**Exercise goal:** Print the listing below again. Change nothing.

**Input records:**

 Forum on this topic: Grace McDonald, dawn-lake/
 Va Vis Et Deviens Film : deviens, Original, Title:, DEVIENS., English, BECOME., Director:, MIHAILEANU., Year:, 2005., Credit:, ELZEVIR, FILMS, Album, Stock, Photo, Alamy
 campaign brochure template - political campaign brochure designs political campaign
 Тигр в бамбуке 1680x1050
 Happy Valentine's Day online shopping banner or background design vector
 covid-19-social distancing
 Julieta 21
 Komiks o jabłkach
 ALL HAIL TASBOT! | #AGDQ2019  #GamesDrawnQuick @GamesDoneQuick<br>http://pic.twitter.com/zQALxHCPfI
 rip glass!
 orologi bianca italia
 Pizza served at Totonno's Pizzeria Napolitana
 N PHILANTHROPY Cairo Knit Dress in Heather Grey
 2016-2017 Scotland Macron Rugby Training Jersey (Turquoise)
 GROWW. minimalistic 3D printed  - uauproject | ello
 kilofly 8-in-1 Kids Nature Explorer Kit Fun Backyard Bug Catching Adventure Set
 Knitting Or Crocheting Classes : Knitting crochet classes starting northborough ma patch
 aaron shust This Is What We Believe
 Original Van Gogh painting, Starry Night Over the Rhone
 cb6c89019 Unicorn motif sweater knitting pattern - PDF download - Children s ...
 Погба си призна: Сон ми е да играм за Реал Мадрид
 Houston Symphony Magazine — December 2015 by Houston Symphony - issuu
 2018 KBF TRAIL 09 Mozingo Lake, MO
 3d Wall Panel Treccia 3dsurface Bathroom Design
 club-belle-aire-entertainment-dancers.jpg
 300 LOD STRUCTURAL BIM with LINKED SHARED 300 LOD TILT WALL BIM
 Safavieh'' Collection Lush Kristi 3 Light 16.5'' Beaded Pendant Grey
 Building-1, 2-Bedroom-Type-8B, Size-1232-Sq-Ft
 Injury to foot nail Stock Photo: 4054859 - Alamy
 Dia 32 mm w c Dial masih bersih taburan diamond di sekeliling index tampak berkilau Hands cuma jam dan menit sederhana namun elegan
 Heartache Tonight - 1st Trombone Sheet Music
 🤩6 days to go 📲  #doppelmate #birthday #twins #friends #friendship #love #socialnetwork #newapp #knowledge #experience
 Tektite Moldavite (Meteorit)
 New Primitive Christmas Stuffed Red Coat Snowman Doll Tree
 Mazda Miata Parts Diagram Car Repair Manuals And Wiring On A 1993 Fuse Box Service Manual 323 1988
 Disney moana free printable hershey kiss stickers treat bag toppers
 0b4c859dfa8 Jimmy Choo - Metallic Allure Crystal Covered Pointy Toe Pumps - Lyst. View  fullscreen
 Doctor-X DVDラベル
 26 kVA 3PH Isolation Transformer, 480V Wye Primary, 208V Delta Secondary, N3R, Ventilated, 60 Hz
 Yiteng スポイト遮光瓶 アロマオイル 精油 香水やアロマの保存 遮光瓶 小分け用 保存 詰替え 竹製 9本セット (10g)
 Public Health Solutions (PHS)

**Response:**
 Forum on this topic: Grace McDonald, dawn-lake/
 Va Vis Et Deviens Film : deviens, Original, Title:, DEVIENS., English, BECOME., Director:, MIHAILEANU., Year:, 2005., Credit:, ELZEVIR, FILMS, Album, Stock, Photo, Alamy
 campaign brochure template - political campaign brochure designs political campaign
 Тигр в бамбуке 1680x1050
 Happy Valentine's Day online shopping banner or background design vector
 covid-19-social distancing
 Julieta 21
 Komiks o jabłkach
 ALL HAIL TASBOT! | #AGDQ2019  #GamesDrawnQuick @GamesDoneQuick<br>http://pic.twitter.com/zQALxHCPfI
 rip glass!
 orologi bianca italia
 Pizza served at Totonno's Pizzeria Napolitana
 N PHILANTHROPY Cairo Knit Dress in Heather Grey
 2016-2017 Scotland Macron Rugby Training Jersey (Turquoise)
 GROWW. minimalistic 3D printed  - uauproject | ello
 kilofly 8-in-1 Kids Nature Explorer Kit Fun Backyard Bug Catching Adventure Set
 Knitting Or Crocheting Classes : Knitting crochet classes starting northborough ma patch
 aaron shust This Is What We Believe
 Original Van Gogh painting, Starry Night Over the Rhone
 cb6c89019 Unicorn motif sweater knitting pattern - PDF download - Children s ...
 Погба си призна: Сон ми е да играм за Реал Мадрид
 Houston Symphony Magazine — December 2015 by Houston Symphony - issuu
 2018 KBF TRAIL 09 Mozingo Lake, MO
 3d Wall Panel Treccia 3dsurface Bathroom Design
 club-belle-aire-entertainment-dancers.jpg
 300 LOD STRUCTURAL BIM with LINKED SHARED 300 LOD TILT WALL BIM
 Safavieh'' Collection Lush Kristi 3 Light 16.5'' Beaded Pendant Grey
 Building-1, 2-Bedroom-Type-8B, Size-1232-Sq-Ft
 Injury to foot nail Stock Photo: 4054859 - Alamy
 Dia 32 mm w c Dial masih bersih taburan diamond di sekeliling index tampak berkilau Hands cuma jam dan menit sederhana namun elegan
 Heartache Tonight - 1st Trombone Sheet Music
 🤩6 days to go 📲  #doppelmate #birthday #twins #friends #friendship #love #socialnetwork #newapp #knowledge #experience
 Tektite Moldavite (Meteorit)
 New Primitive Christmas Stuffed Red Coat Snowman Doll Tree
 Mazda Miata Parts Diagram Car Repair Manuals And Wiring On A 1993 Fuse Box Service Manual 323 1988
 Disney moana free printable hershey kiss stickers treat bag toppers
 0b4c859dfa8 Jimmy Choo - Metallic Allure Crystal Covered Pointy Toe Pumps - Lyst. View  fullscreen
 Doctor-X DVDラベル
 26 kVA 3PH Isolation Transformer, 480V Wye Primary, 208V Delta Secondary, N3R, Ventilated, 60 Hz
 Yiteng スポイト遮光瓶 アロマオイル 精油 香水やアロマの保存 遮光瓶 小分け用 保存 詰替え 竹製 9本セット (10g)
 Public Health Solutions (PHS)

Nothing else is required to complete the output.